== What you have to do ==
Without the pictures, can you quote each line below exactly?

== Source material ==
·····

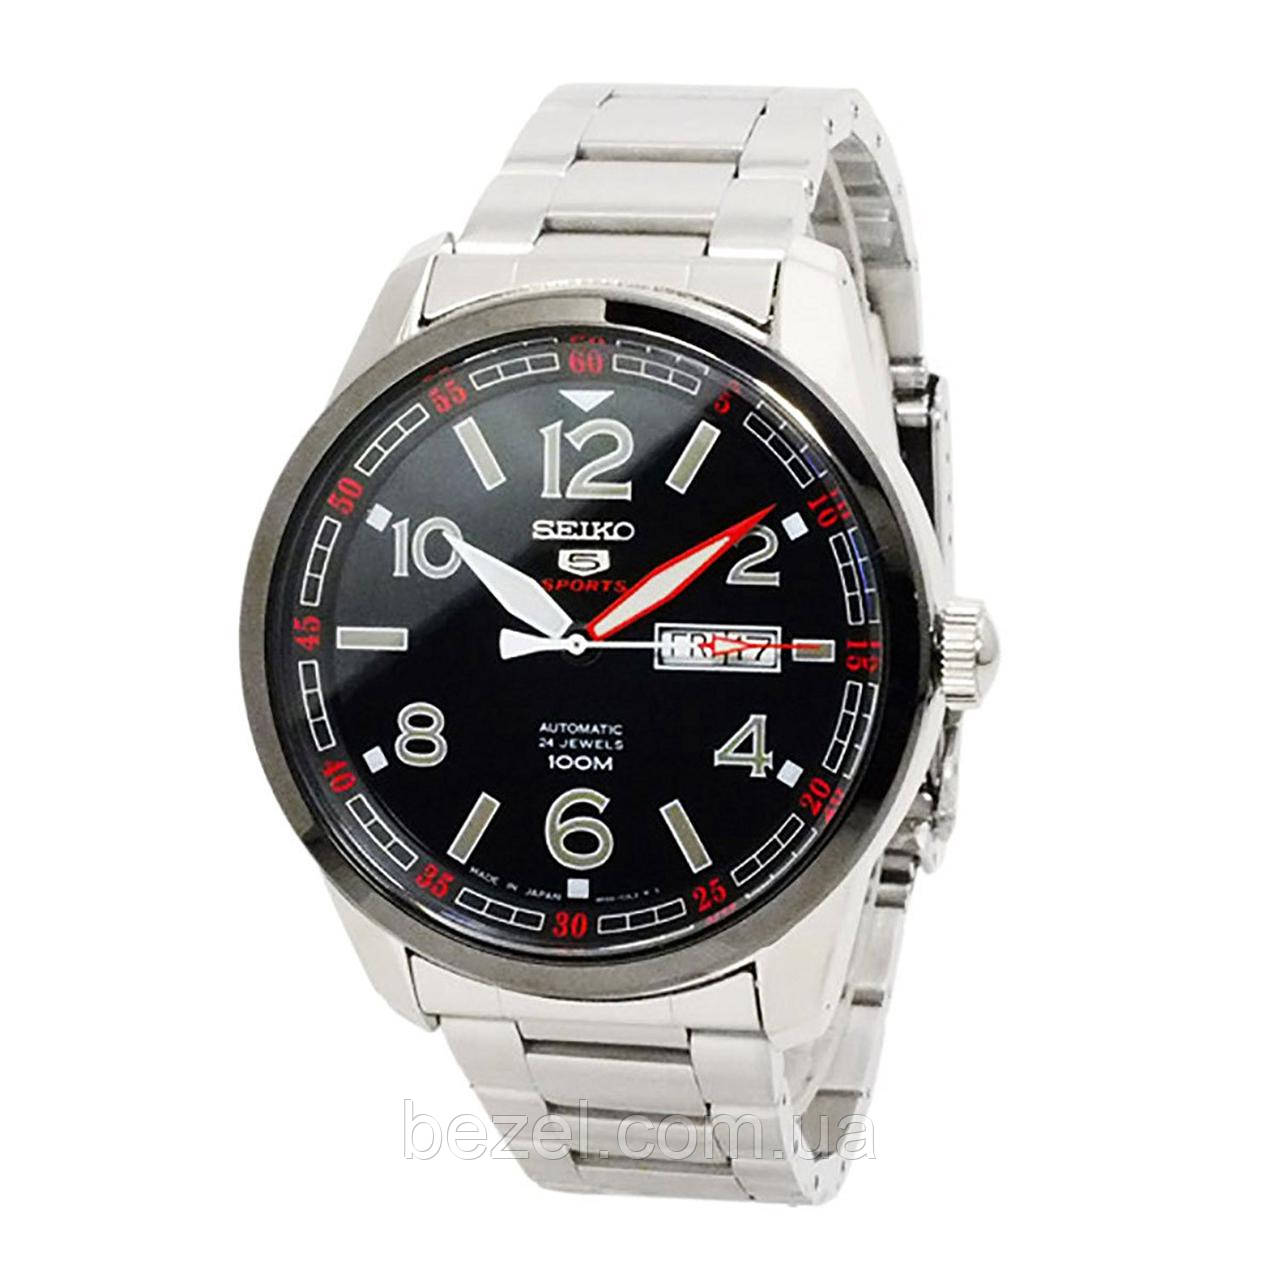 Seiko sport купить. Наручные часы Seiko srp513. Часы Seiko 5 Automatic. Сейко спорт 5 мужские часы. Наручные часы Seiko srp029k.
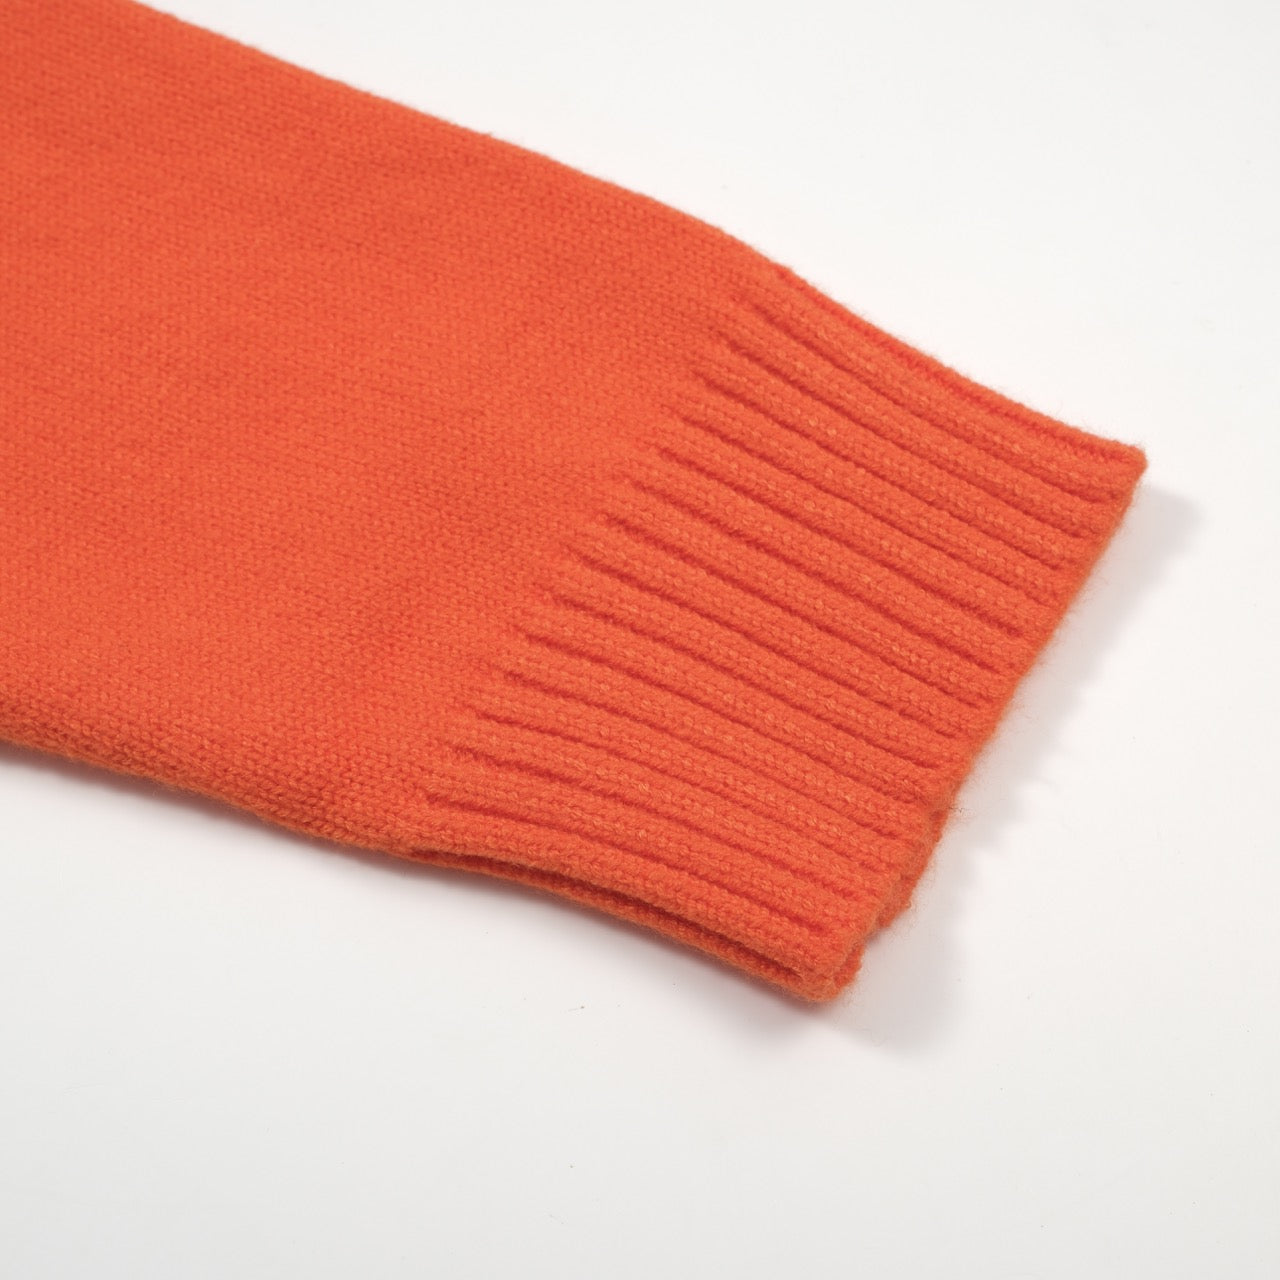 Men's Chest Lines Long Sleeve Orange Sweater
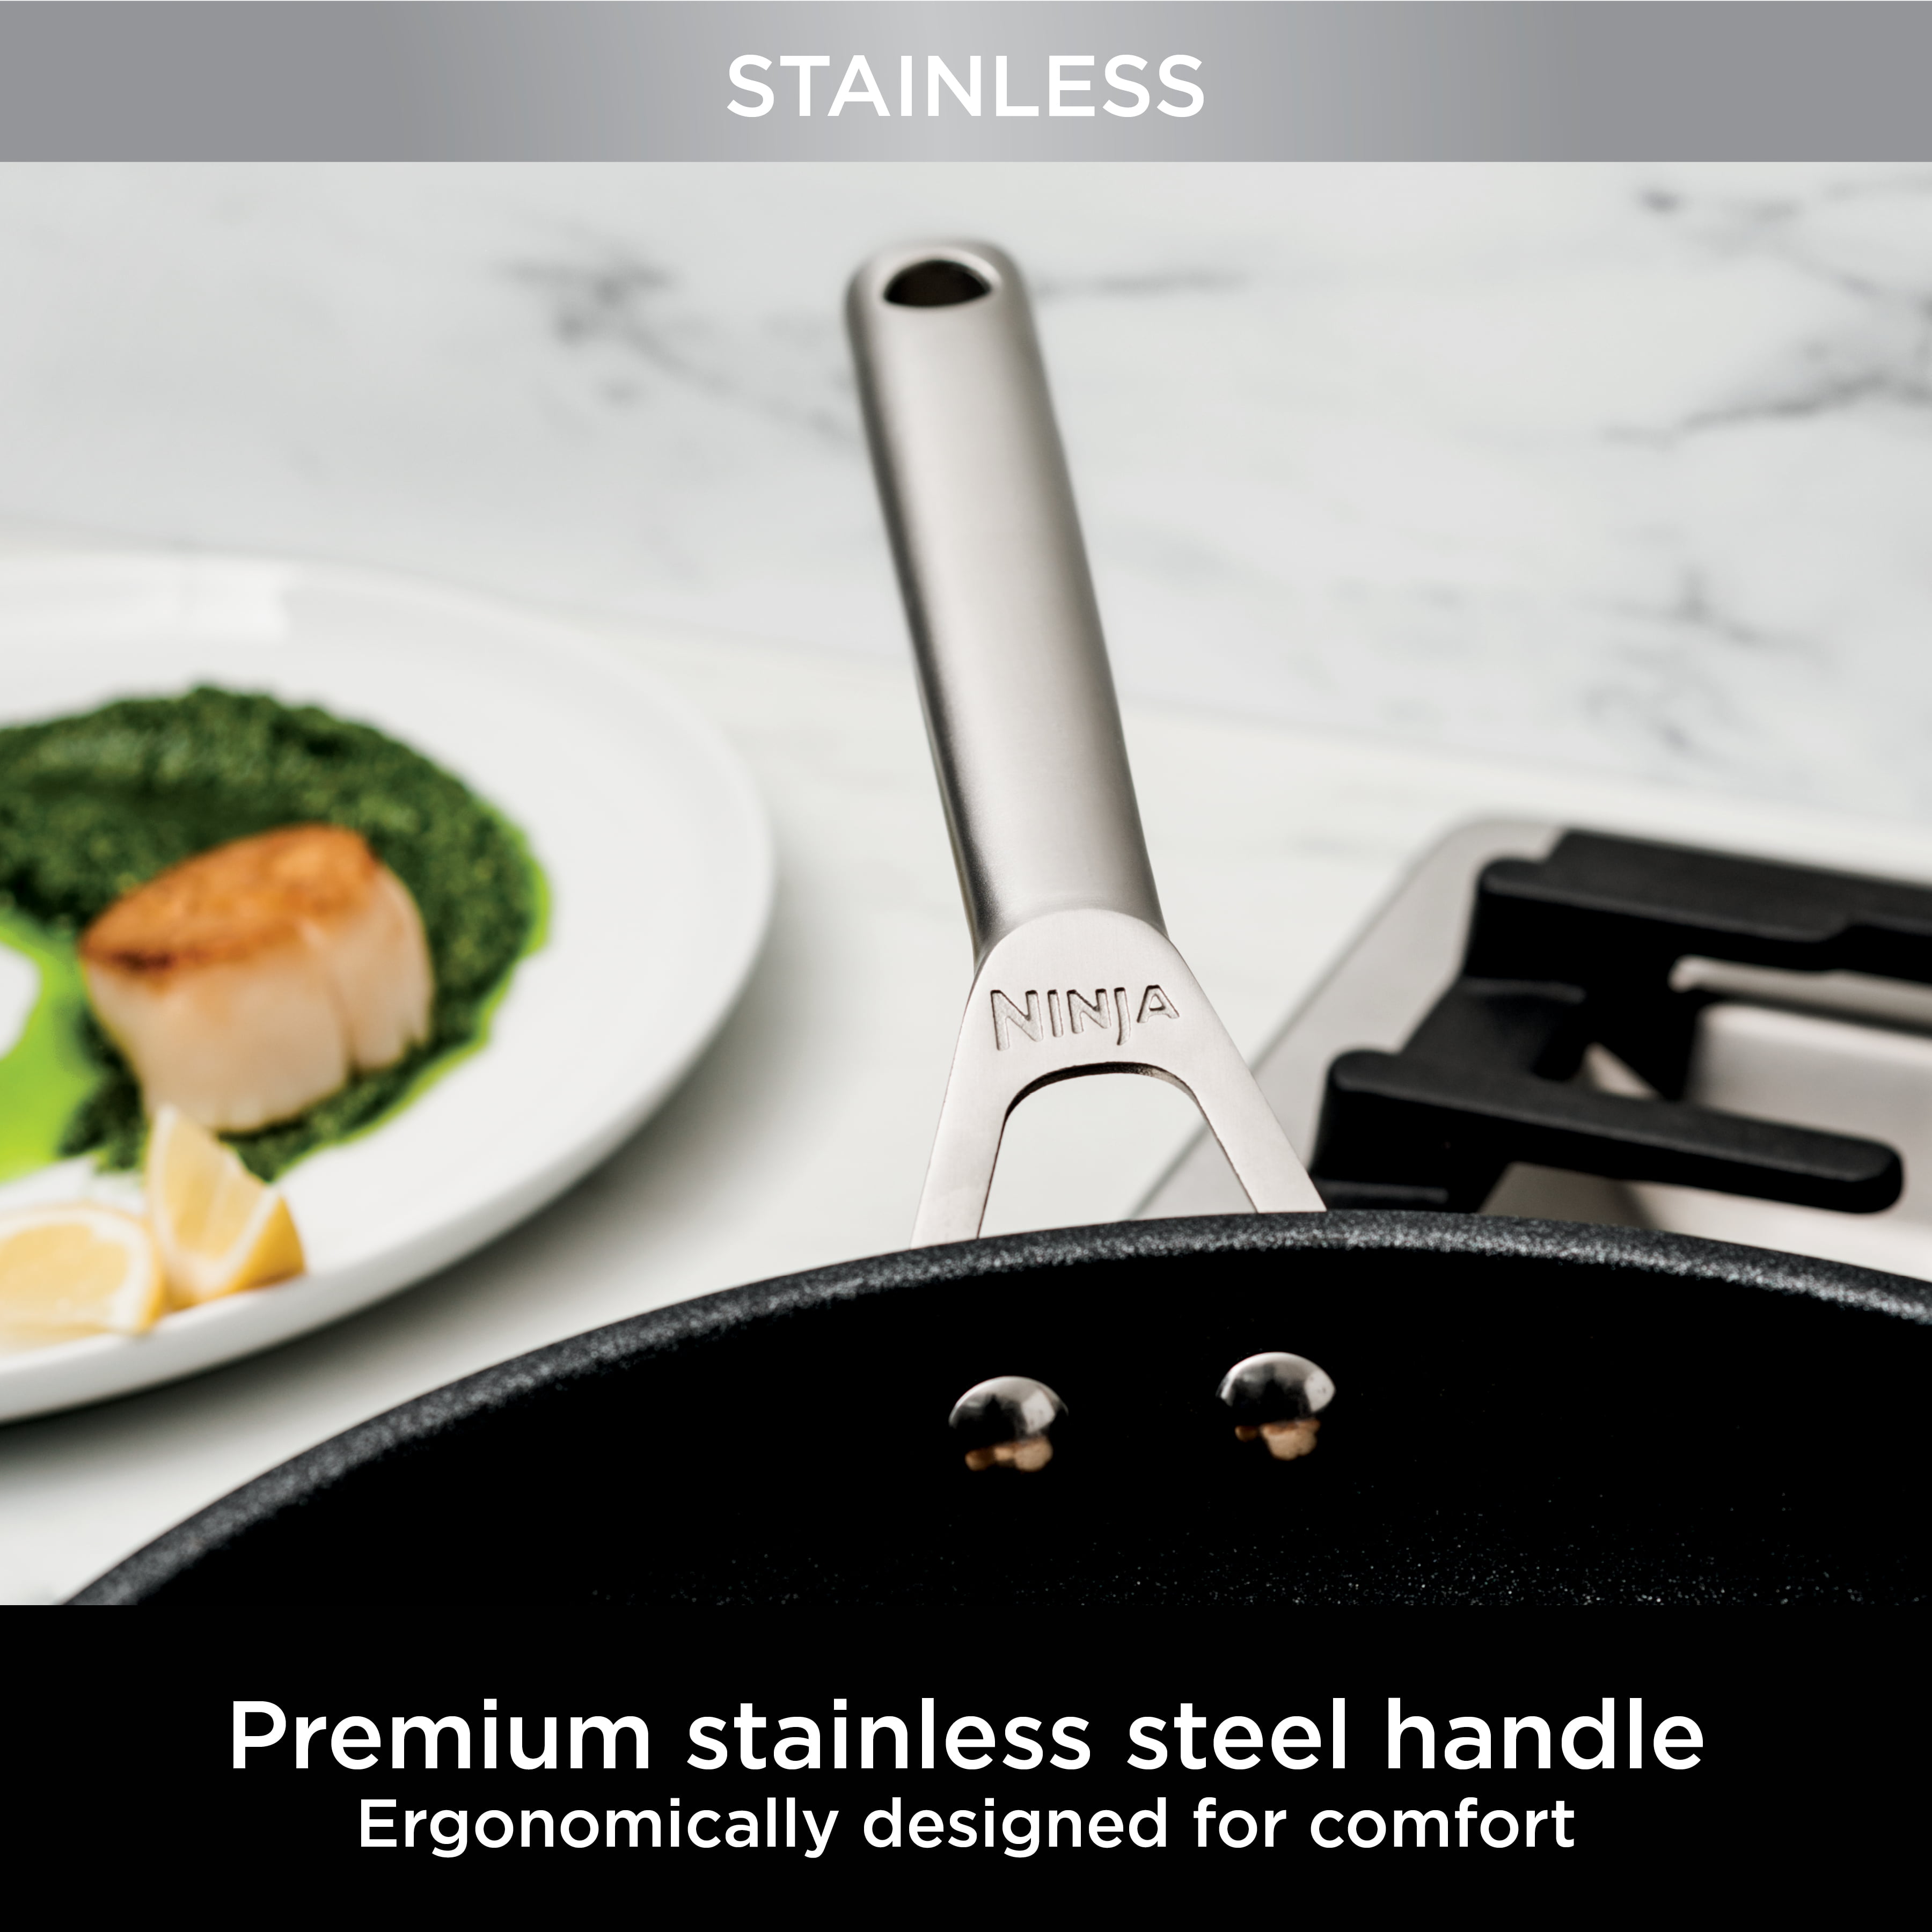 Ninja™ Foodi™ NeverStick® Stainless 10-Piece Cookware Set

·····

== Answer space ==
 Seiko sport купить. Наручные часы Seiko srp513. Часы Seiko 5 Automatic. Сейко спорт 5 мужские часы. Наручные часы Seiko srp029k.
 Men's Chest Lines Long Sleeve Orange Sweater
 Ninja™ Foodi™ NeverStick® Stainless 10-Piece Cookware Set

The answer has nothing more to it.